(Note: This is the second in a series of posts with companies participating in the 2008 Media Summit, a premier industry event which will be held next week in NYC. VideoNuze has partnered with Digital Hollywood, the Media Summit's organizer, to provide select analysis and news coverage.)
Heavy Corporation, which operates Heavy.com, one of the most popular independent broadband video destinations for 18-34 males, is poised to make a push into the ad platform/network business through its Husky Media unit. I spoke to Eric Hadley, Heavy's chief marketing officer yesterday who filled me in on their plans.
The Husky platform is currently used today by Heavy.com. If you go to the site, you'll see how it operates, showing just one ad with the video selected. As Eric explains, the video is wrapped in the advertiser's skin, so upon starting the video player exposes a big interstitial ad for 2 1/2 second that sort of feels like "barn doors" before opening to the video itself. Then when the video plays, display ads surround the content. Additional related content is queued up and automatically starts playing subsequently. This approach has resulted in a 270% lift in videos viewed as compared with the pre-queuing implementation. This of course means more video usage and more advertising exposure.
Eric said that advertiser enthusiasm for the Husky presentation has prompted Heavy to now offer it to other publishers who target demos other than Heavy.com's 18-34 males. It's still early days, but Eric said that in the next few weeks several major publishers will be launching Husky implementations, as will small-to-medium sized sites. This will form the beginnings of an ad network Heavy can assemble and offer to advertisers. By evolving Husky's focus from internal-only use to external use as well, Heavy will be competing with broadband ad players such as Tremor, Broadband Enterprises and others. The Husky move shows how dynamic the broadband video ad space is, with multiple kinds of formats and implementations being tested and used by content providers seeking to maximize monetization.
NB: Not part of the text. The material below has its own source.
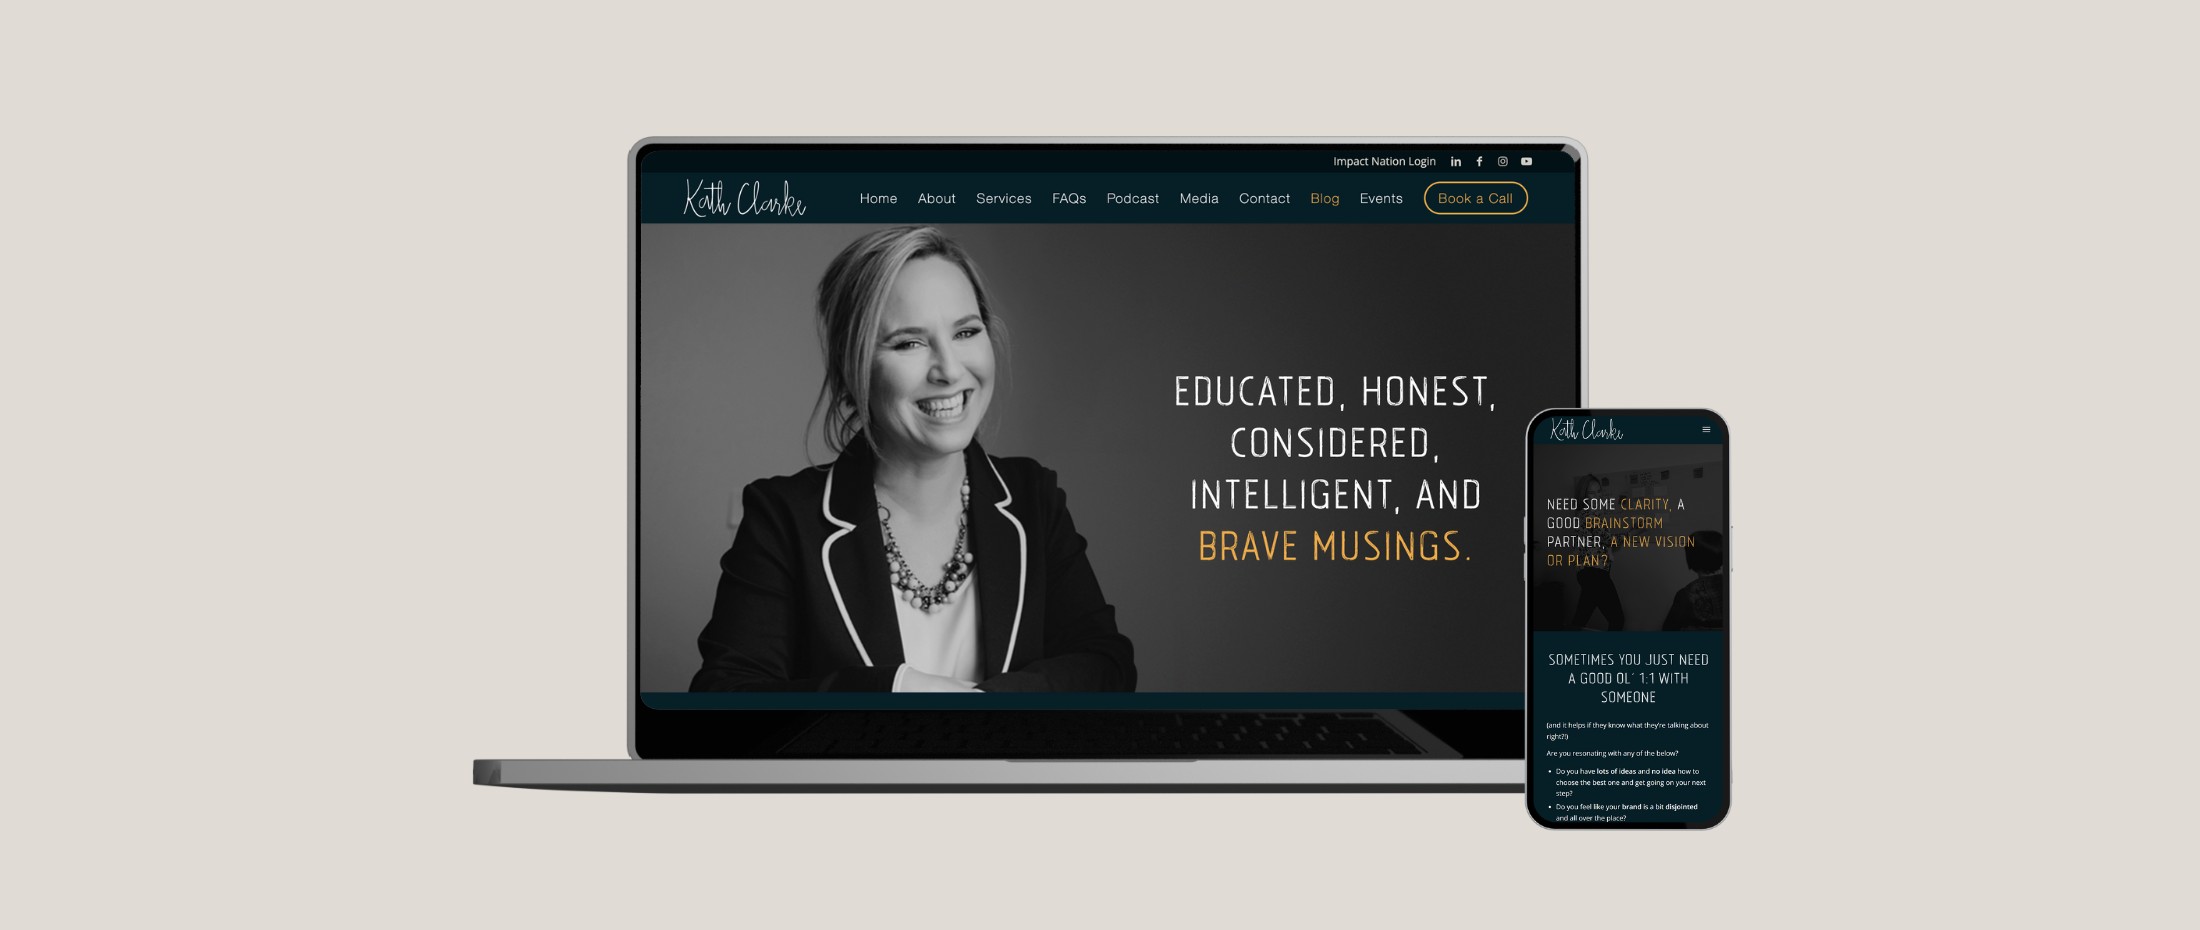 Kath Clarke - Personal Brand Strategist - Done Digital Marketing - Brisbane Australia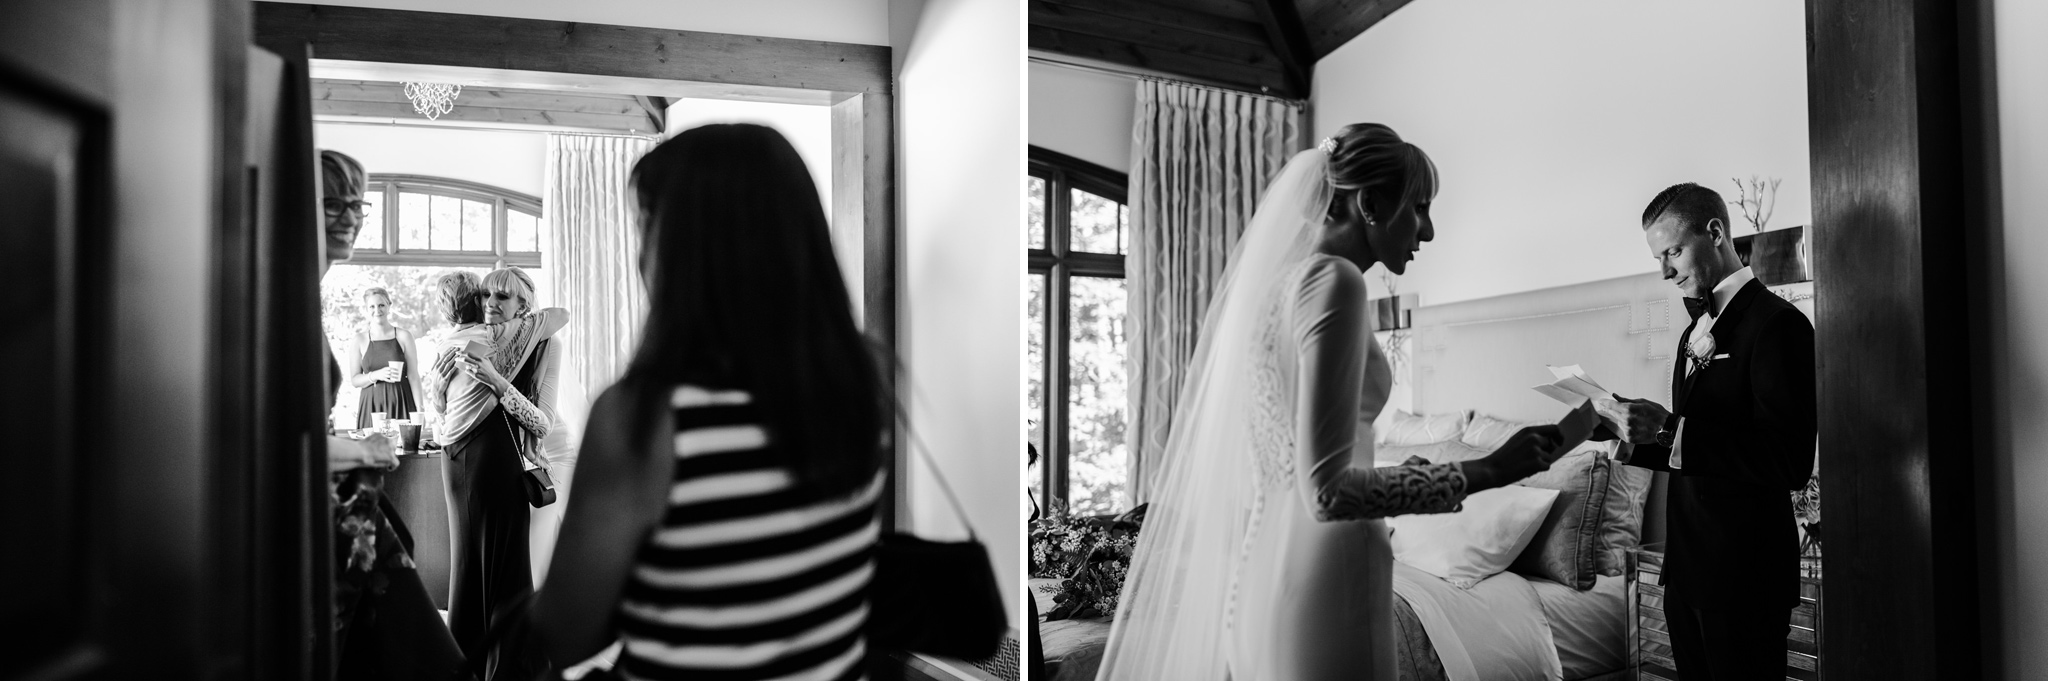 045-bride-getting-ready-toronto-wedding-photographer.jpg

Meanwhile Heavy is continuing to build out its Heavy.com destination site, which currently receives 17M+ visitors/mo. Key upcoming focuses are music/urban, cars and racing, sports and travel categories. These are all the purview of the Heavy's recently added head of programming, Jimmy Jellinek, former editor at Maxim. Content sourcing is varied, with Heavy.com producing some of its own, producing some for its advertisers and also some it obtaining some from others, such as Transworld. In the U.S. today, Heavy does not syndicate its programming to others sites, which is a somewhat contrarian position vs. other content providers who are syndicating widely.
Looking ahead to the Media Summit, Eric plans to explain more about the upcoming Husky push and how content providers and advertisers can benefit from it. He also sees the Media Summit as an ideal forum to learn from others what's making a difference in the industry and what's hot.